How Project NextGen Can Create Better Vaccines

Introduction

The $5 billion Project NextGen announced earlier this year represents a pivotal step forward in the ongoing battle against infectious disease. It advances SARS-CoV-2 vaccine candidates that induce broader and more durable immunity, while exploring new delivery methods, like intranasal vaccination, that may increase transmission-blocking.

Operation Warp Speed set a new standard for what is possible in terms of speed and scope, and is thus a model for what the best version of Project NextGen can look like. The recent $500 million given in awards are indicative of Project NextGen’s rapid progression.

We recently examined the existing Target Product Profile (TPP) criteria for Project NextGen, and believe that focusing on attributes that can foster broader protection and reduce viral transmission in particular will help ensure Project NextGen is a success.

Target Product Profiles

Q1: Are there additional vaccine characteristics missing, or are there any currently on the list you would remove and why?

1. Pan-Betacoronavirus Protection Optimal Attribute: We recommend the inclusion of an optimal attribute for pan-betacoronavirus protection. The betacoronavirus genus includes not only SARS-CoV-2, but also the MERS-CoV virus and two common cold coronaviruses (OC43 and HKU1). Conferring cross-protection against these viruses would be valuable not only for COVID-19, but also for other circulating and novel human-infecting betacoronaviruses. One well-supported forecast for the expected value of a betacoronavirus vaccine authorized before 2028 is a median of 55.5k deaths averted in the U.S. from 2028-2030 alone.
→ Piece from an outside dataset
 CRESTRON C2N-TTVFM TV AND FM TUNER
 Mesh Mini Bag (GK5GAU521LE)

2. Viral Transmission Reduction Threshold Attribute: A vaccine’s potential to reduce onward viral transmission should be considered as a threshold attribute. There is currently an optimal attribute target, but no threshold target: ~50% reduction in transmission could be set as a threshold level. In the event of another Omicron-type event, where a new SARS-CoV-2 variant arises that is as different from current-circulating Omicron subvariants as Omicron BA.1/BA.2 was from Delta, this level would substantially dampen overall transmission. 

Q2: Are there any target performance levels that should be modified and why?
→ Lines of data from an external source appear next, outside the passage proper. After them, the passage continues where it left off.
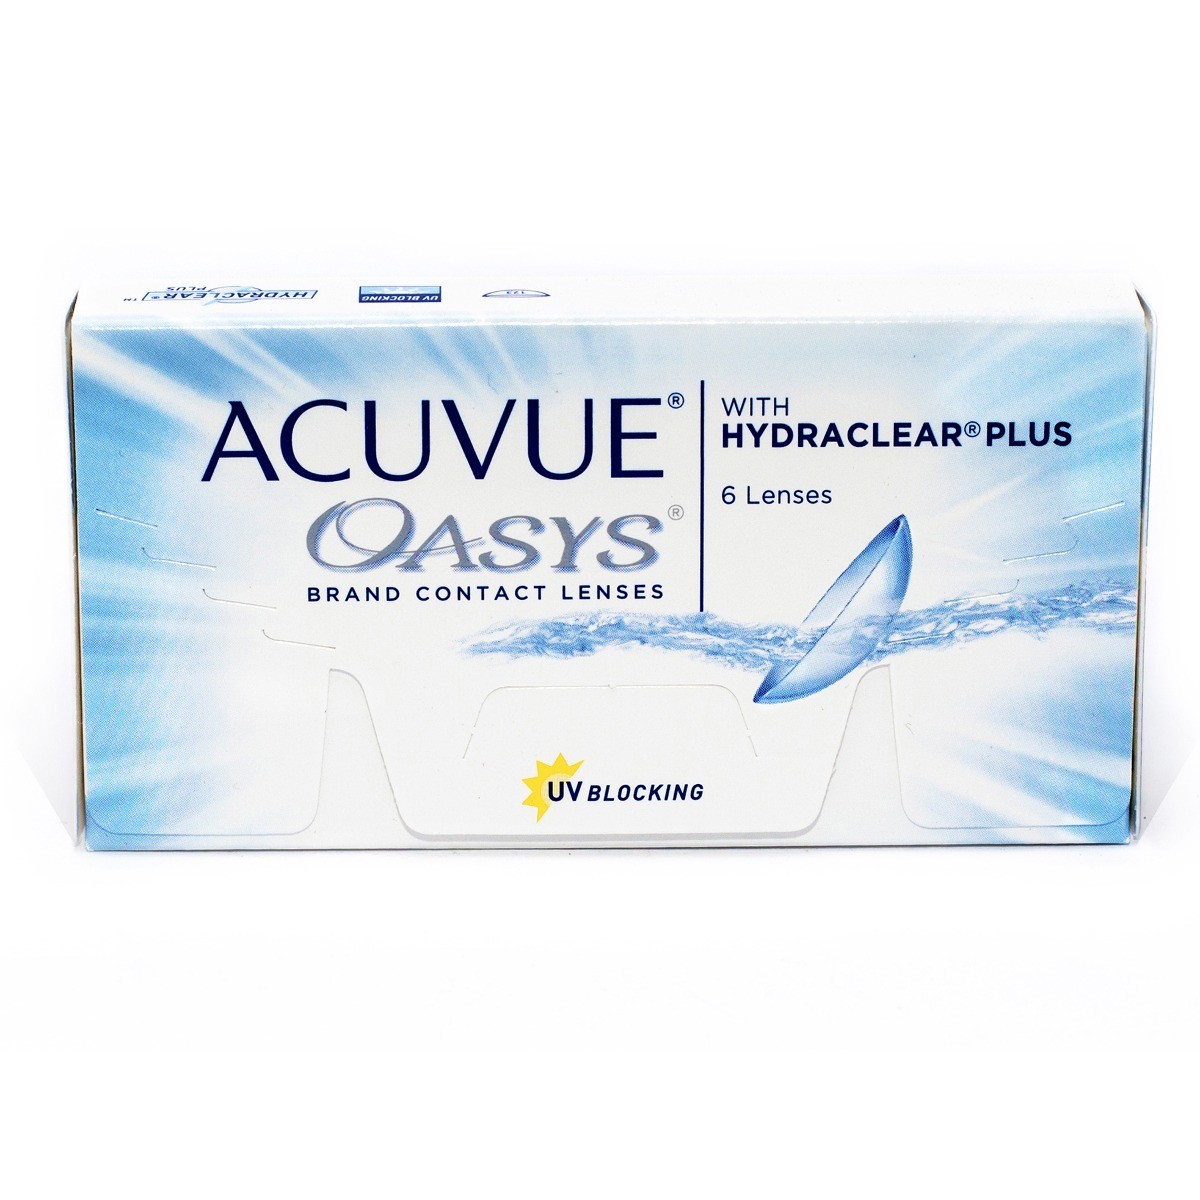 32e54ee866e4b Lentes De Contato Acuvue Oasys Com Hydraclear Plus Grau-4.25 - R ...
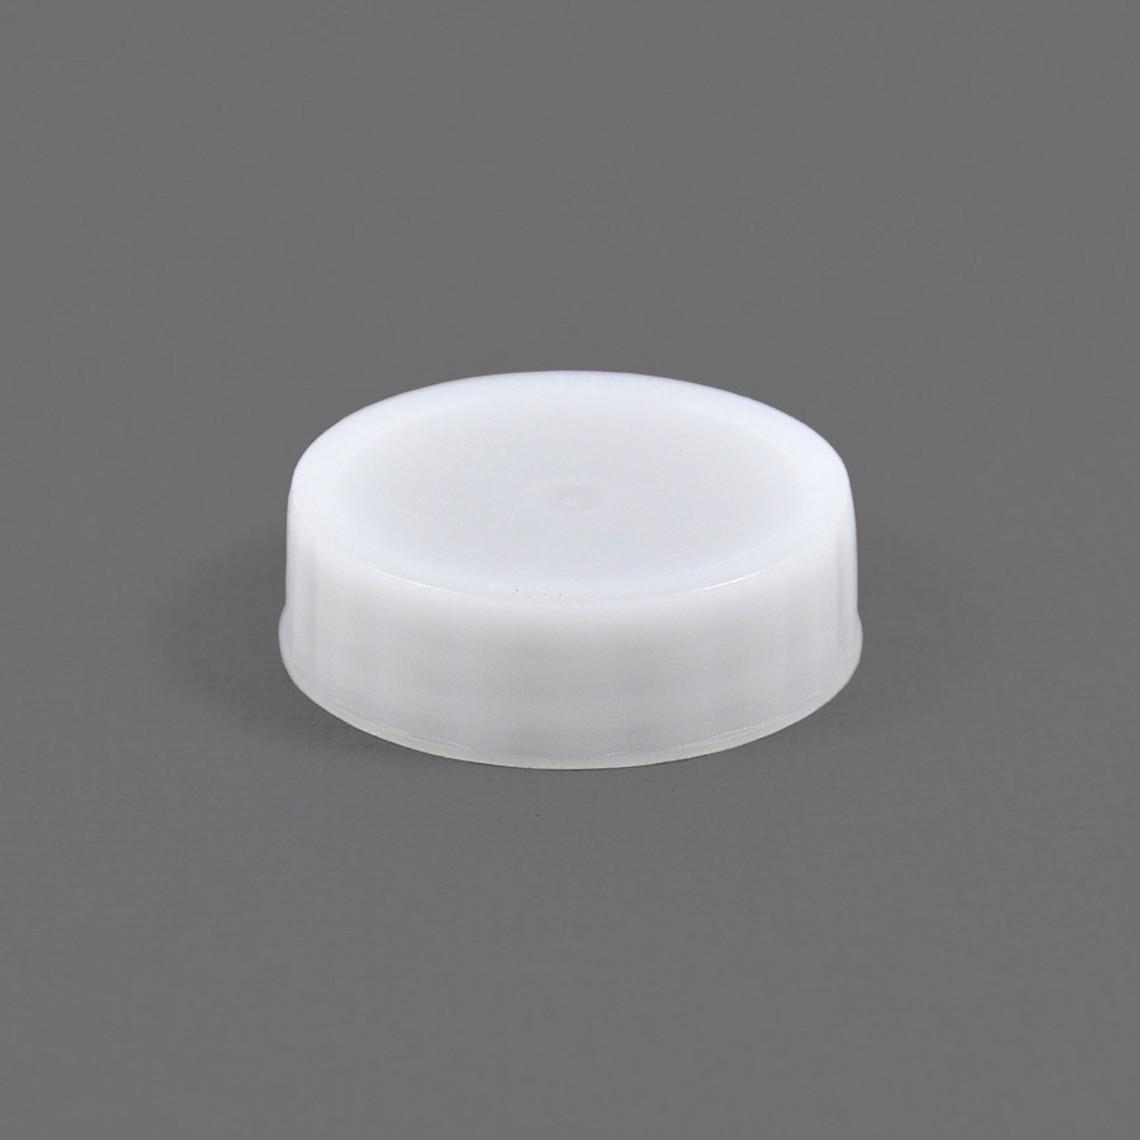 FIFO BOTTLE™ Label Cap - White
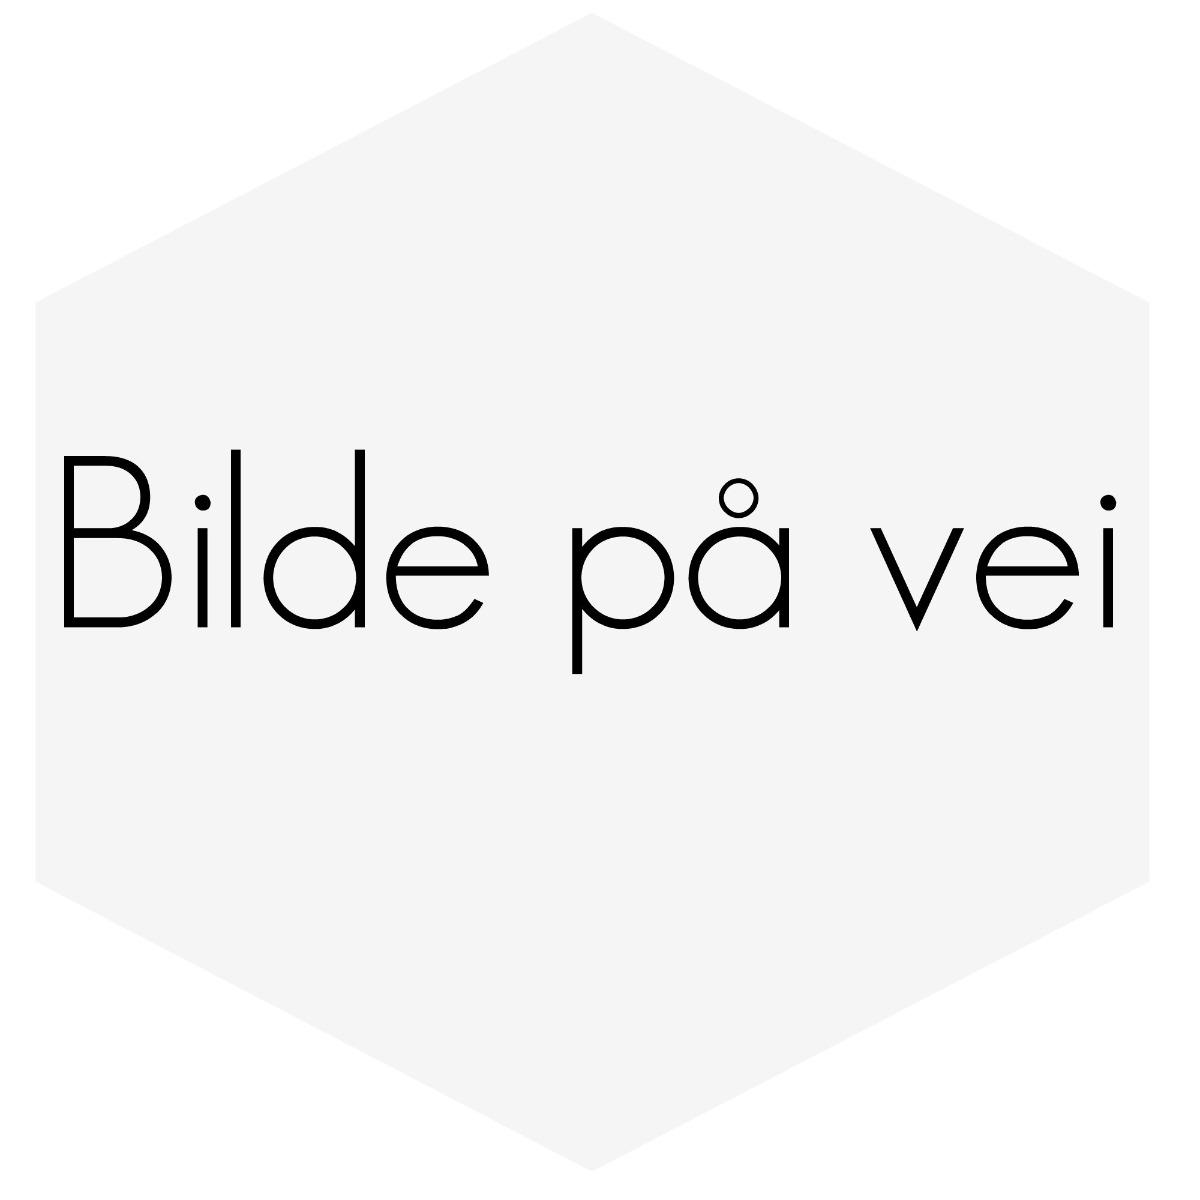 MODELLBIL AMAZON COMBI LYS GRÅ/HVIT 1:43 MINICHAMP

While other vaccine characteristic requirements are important, most of them should be de-emphasized. Their target performance levels should be secondary to targets relating to the breadth of protection (1a) and viral transmission reduction (1b) for reasons explained in 4a and 4b. In particular, formulation stability requirements should be modified to be less stringent.

• Formulation stability requirements: There is a “Shelf life stability & Storage” threshold of the finished product being stable for >1 year at 2-8°C, and an optimal target of >2 years at 2-8°C. However, many consumer freezers can achieve temperatures as low as -18°C, low enough for vaccine storage. To take one example, the Moderna mRNA vaccine can be stored between -50°C and -15°C until expiration, which means that even higher-grade consumer freezers are well capable of storing vaccines. Moreover, the Moderna mRNA vaccine can be stored at temperatures between 2°C and 8°C for up to 30 days, within the range of temperatures achieved by normal refrigerators. Thus, formulation stability should not be seen as a major concern for the U.S., although it can be for low-and-middle-income countries (LMICs). Fortunately, in LMICs, many initiatives launched during the COVID pandemic have improved the cold chain capacity and vaccine delivery — for example, UNICEF procured about $165 million worth of cold chain equipment and services in 2022 alone.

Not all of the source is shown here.